しかもいささか分別に欠けるところがあり、相手を選ばねばならない話題も、人を択ばず平然と口にする性質らしい。
「ロベルの元婚約者って、今、モントロー公爵の婚約者に納まってるサルグミン家の娘だろう? その娘も気の毒だよな。お前との婚約を格下の女に奪われたと思ったら、その次があの冷血公爵だなんてな。公爵とはおそらく、政略結婚というより、契約結婚だろうな」
「ディアが契約結婚……? どうして?」
「だって、お若い公爵様は、未婚のままでは爵位継承を認めないと、家門のうるさい老人たちに散々責め立てられていたからな。でも、公爵についての噂のせいで、家格の釣り合うご令嬢たちからは軒並み断られた。そこで仕方なく、誰でもいいから、ってことで声をかけられたのが、サルグミン嬢、ってわけさ。

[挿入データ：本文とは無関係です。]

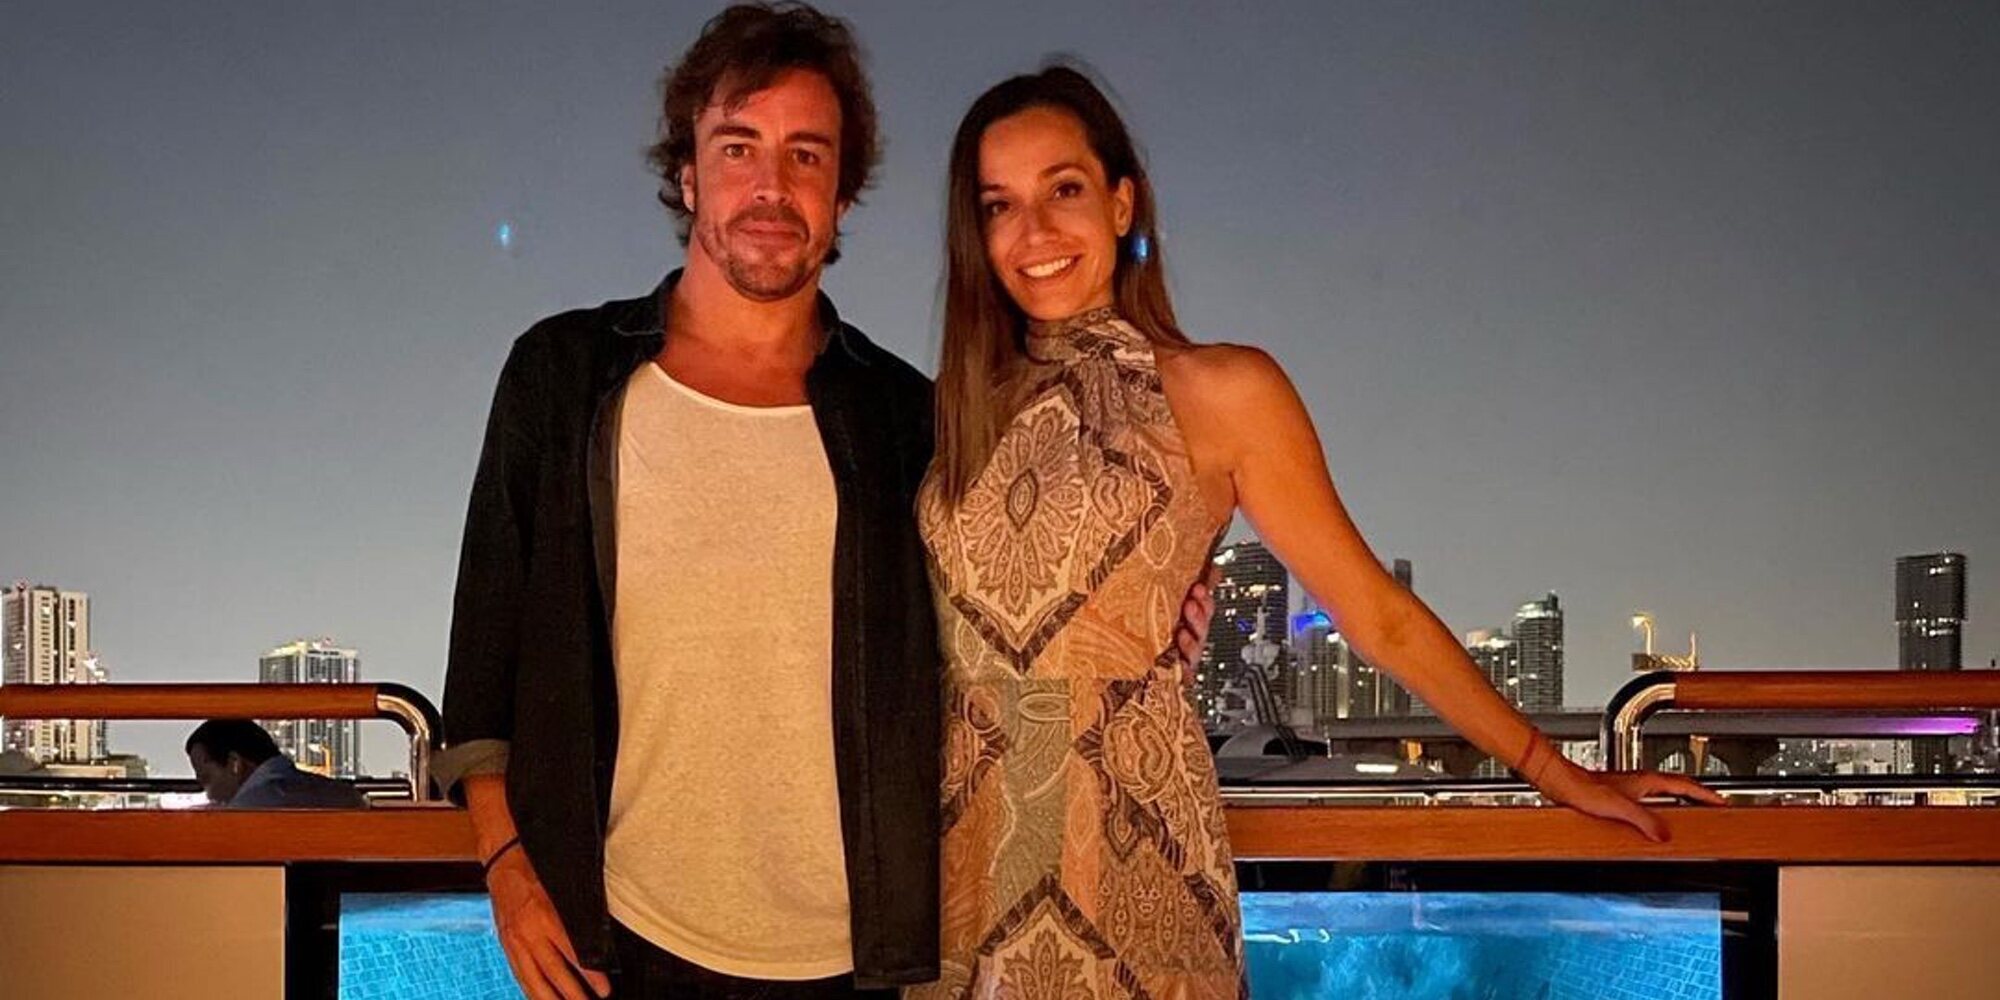 Fernando Alonso y Andrea Schlager hacen oficial su relación
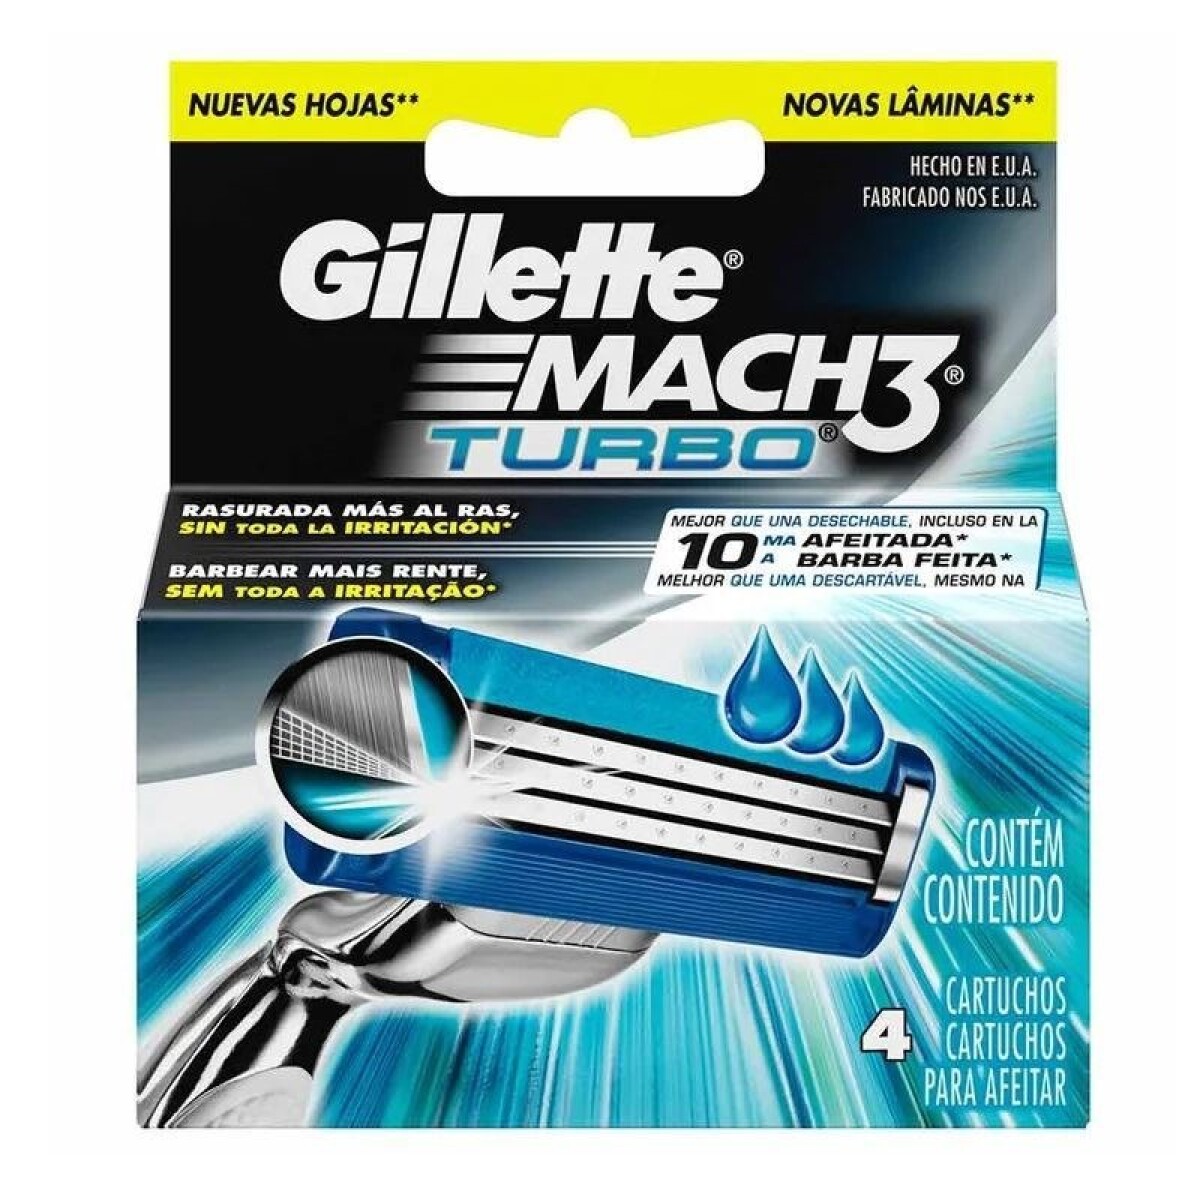 Cartuchos para Afeitar Gillette Mach 3 Turbo - Repuesto X4

彼女は、お前との婚約がなくなって傷心でいるところを、公爵にうまくつけ込まれた、って話だよ。契約結婚で、家門内の地固めが済んだら、そこで離婚、はい、さよなら、ってことだろうさ」
「そんな……」
公爵が、家門内での自分の地位を固めるためだけの婚姻。
ディアは、ロベルの知らないうちに、とんでもないことに巻き込まれていたのだ。
「ほんと、可哀そうなご令嬢だよ。実は僕の父、カミユ子爵は、今のところ現公爵を認めない立場を取っていてね。爵位のためだけの婚約なんて、なくなればいい、って思っているんだよね。だって、サルグミン嬢にも気の毒だろ?」
そう言って含み笑いしたバレリーを、ロベルは思い出した。